■ WHAT THE EXERCISE ASKS ■
Every line in the listing below from the one with "Epicerie bar music" through the one with "877245e8c3f4f Hats- Charming" is to be reproduced exactly, both ends included; leave out the rest.

STUDY MATERIAL: Begin

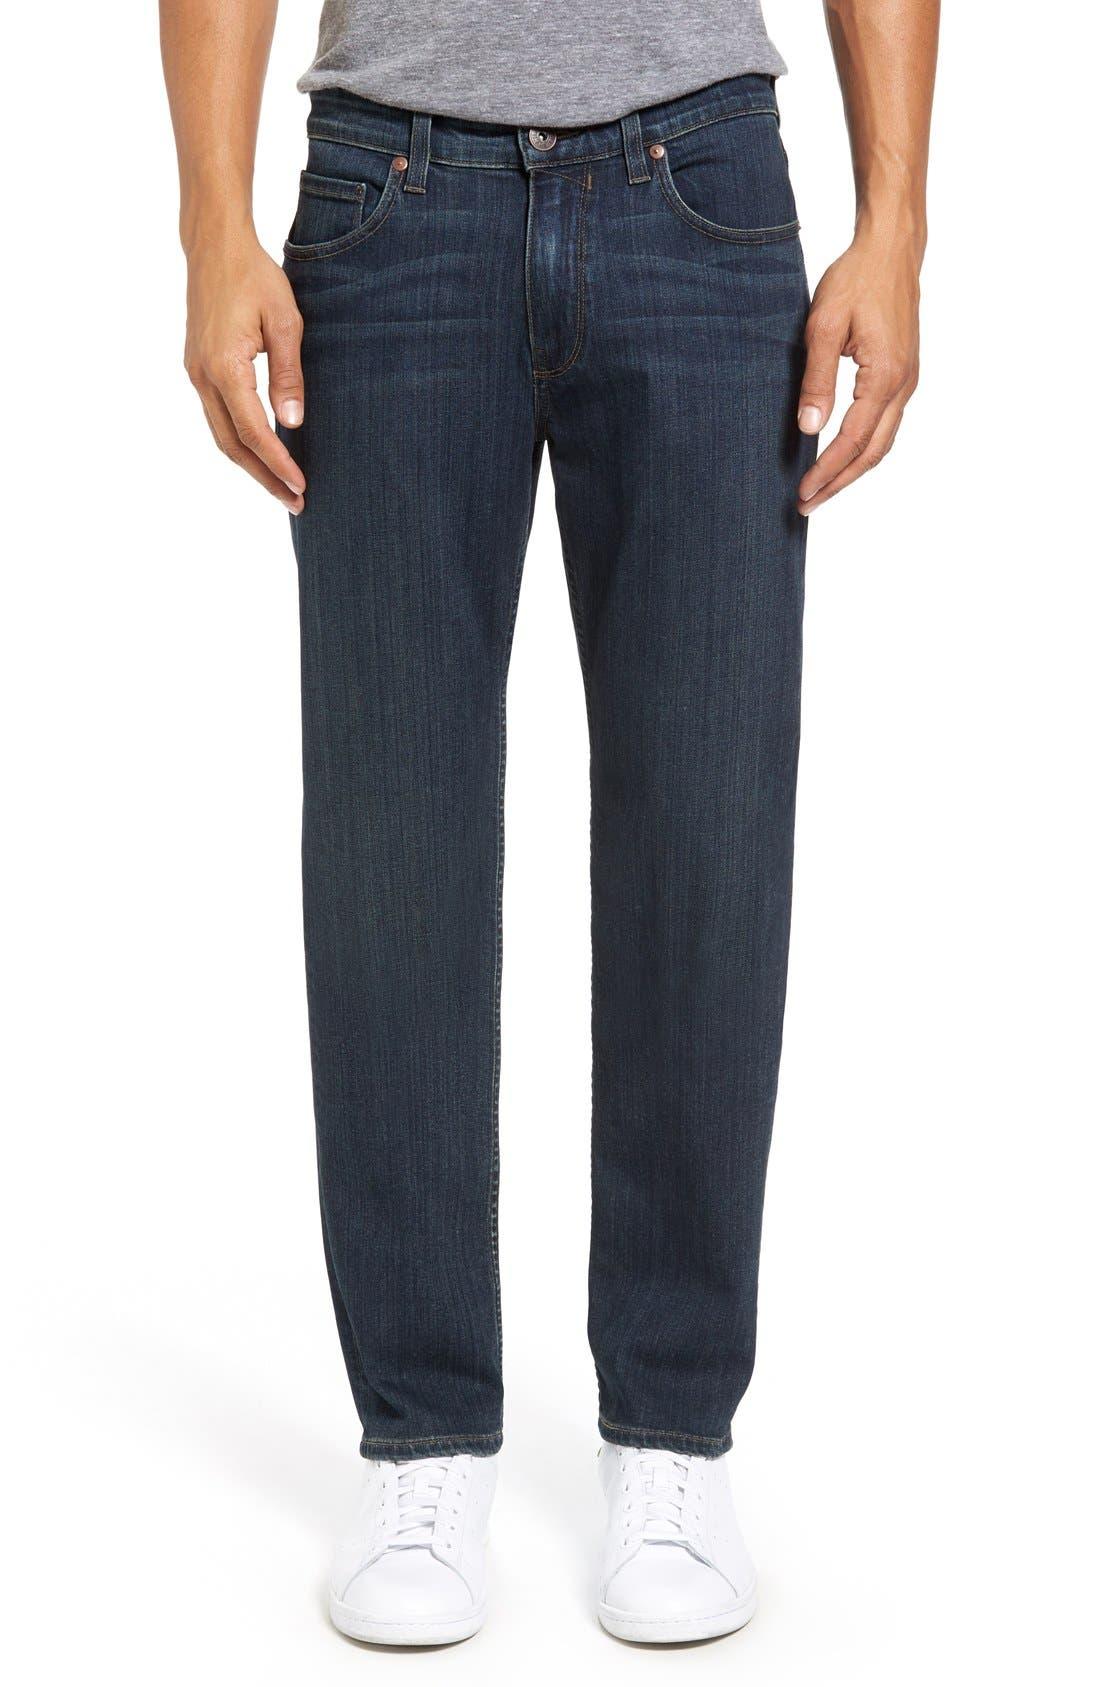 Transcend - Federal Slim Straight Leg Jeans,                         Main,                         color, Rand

STUDY MATERIAL: End
STUDY MATERIAL: Begin

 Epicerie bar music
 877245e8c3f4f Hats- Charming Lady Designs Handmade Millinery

STUDY MATERIAL: End

■ RESULT BELOW ■
 Epicerie bar music
 877245e8c3f4f Hats- Charming Lady Designs Handmade Millinery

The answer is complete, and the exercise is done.